What is the purpose of (void)variable in C? [duplicate]

Question

I am reading this book and I have come across this code:

static void
task1(void *args) {
    int i;

    (void)args;

    for (;;) {
        gpio_toggle(GPIOC,GPIO13);
        for (i = 0; i < 1000000; i++)
            __asm__("nop");
    }
}

I understand all (relatively) except for line 5. What is (void)args; doing?

args is not used in the function body, and I know that if an argument is not used then one could write

static void
task2(void *args __attribute((unused))) {
     // code here
}

which is not being done here. So what is (void) written like that doing?

Answer 1

In general when one does not use an function argument, the compiler is likely to warn you about it. After all if you aren't going to use it why put it there in the first place?

In effect it is an artificial use of the argument that does nothing useful other than telling the compiler you know what you are doing, so "Shatupalready with the warning!"

(void) args works on all of the platforms that I have seen. I believe the __attribute((unused)) is a gcc specific thing.

Answer 2

Every expression has a type. Any expression can be turned into a statement by adding a semicolon. If an expression-statement yields a non-void value, that value is discarded.

Compilers will often warn about a value being discarded. Even a simple case like

printf("hello world\n");

quietly discards the int value returned by printf; a compiler warning might remind the programmer to test that value and take some action if it indicates that the call failed. (Most compilers will not warn in this particular case, since printf calls are usually used in a statement context, with the result ignored.)

Casting an expression to type void discards the result, but it does so explicitly. This is likely to silence a compiler warning.

As far as the language is concerned, a (void) cast converts a result to type void, which is equivalent to discarding that result. From a programmer's point of view, a (void) cast can silence a warning that a value is not used, since you're explicitly ignoring it and asserting to the compiler that you know what you're doing (even if you don't).

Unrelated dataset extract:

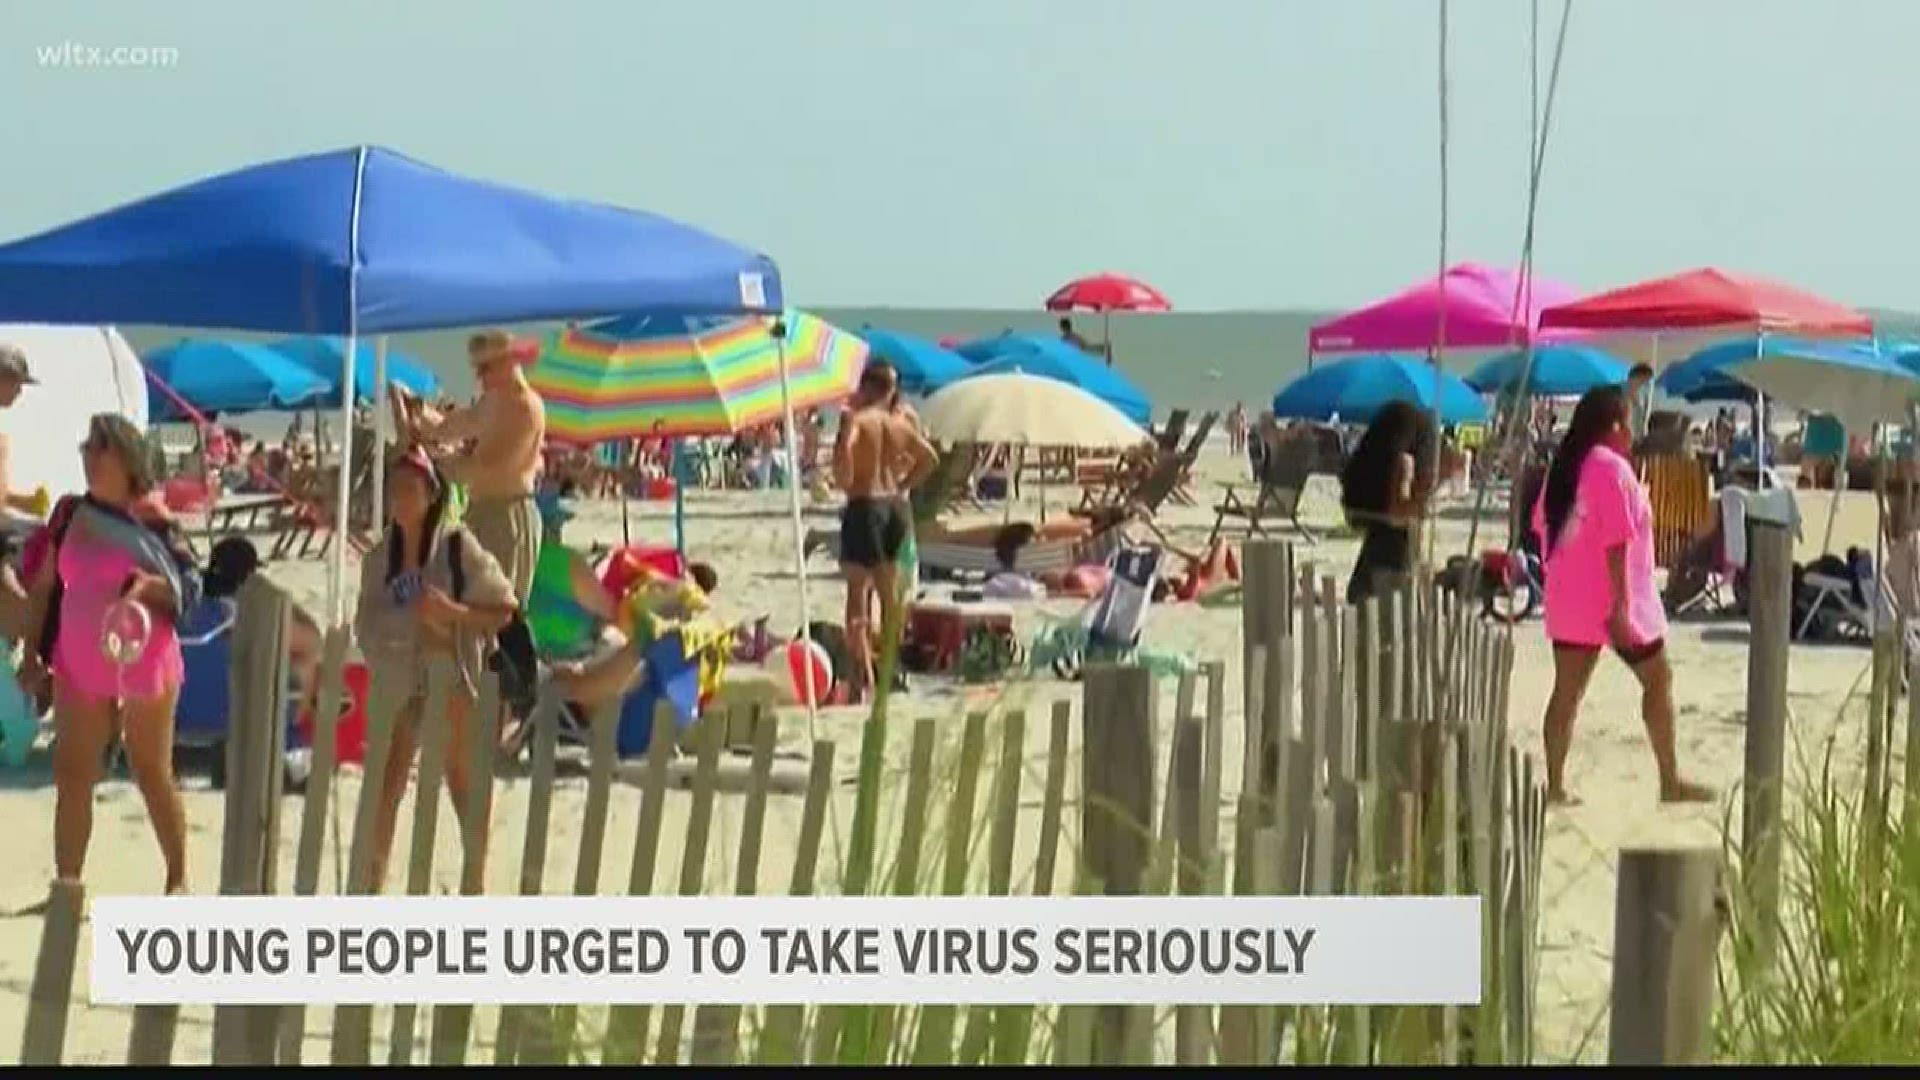 Hundreds gathered over the weekend in Clarendon county and more on the coast at beaches not social distancing or wearing masks

Quoting the C standard (N1570 draft), 6.3.2.2:

The (nonexistent) value of a void expression (an expression that has type void) shall not be used in any way, and implicit or explicit conversions (except to void) shall not be applied to such an expression. If an expression of any other type is evaluated as a void expression, its value or designator is discarded. (A void expression is evaluated for its side effects.)

and 6.2.5 paragraph 19:

The void type comprises an empty set of values; it is an incomplete object type that cannot be completed.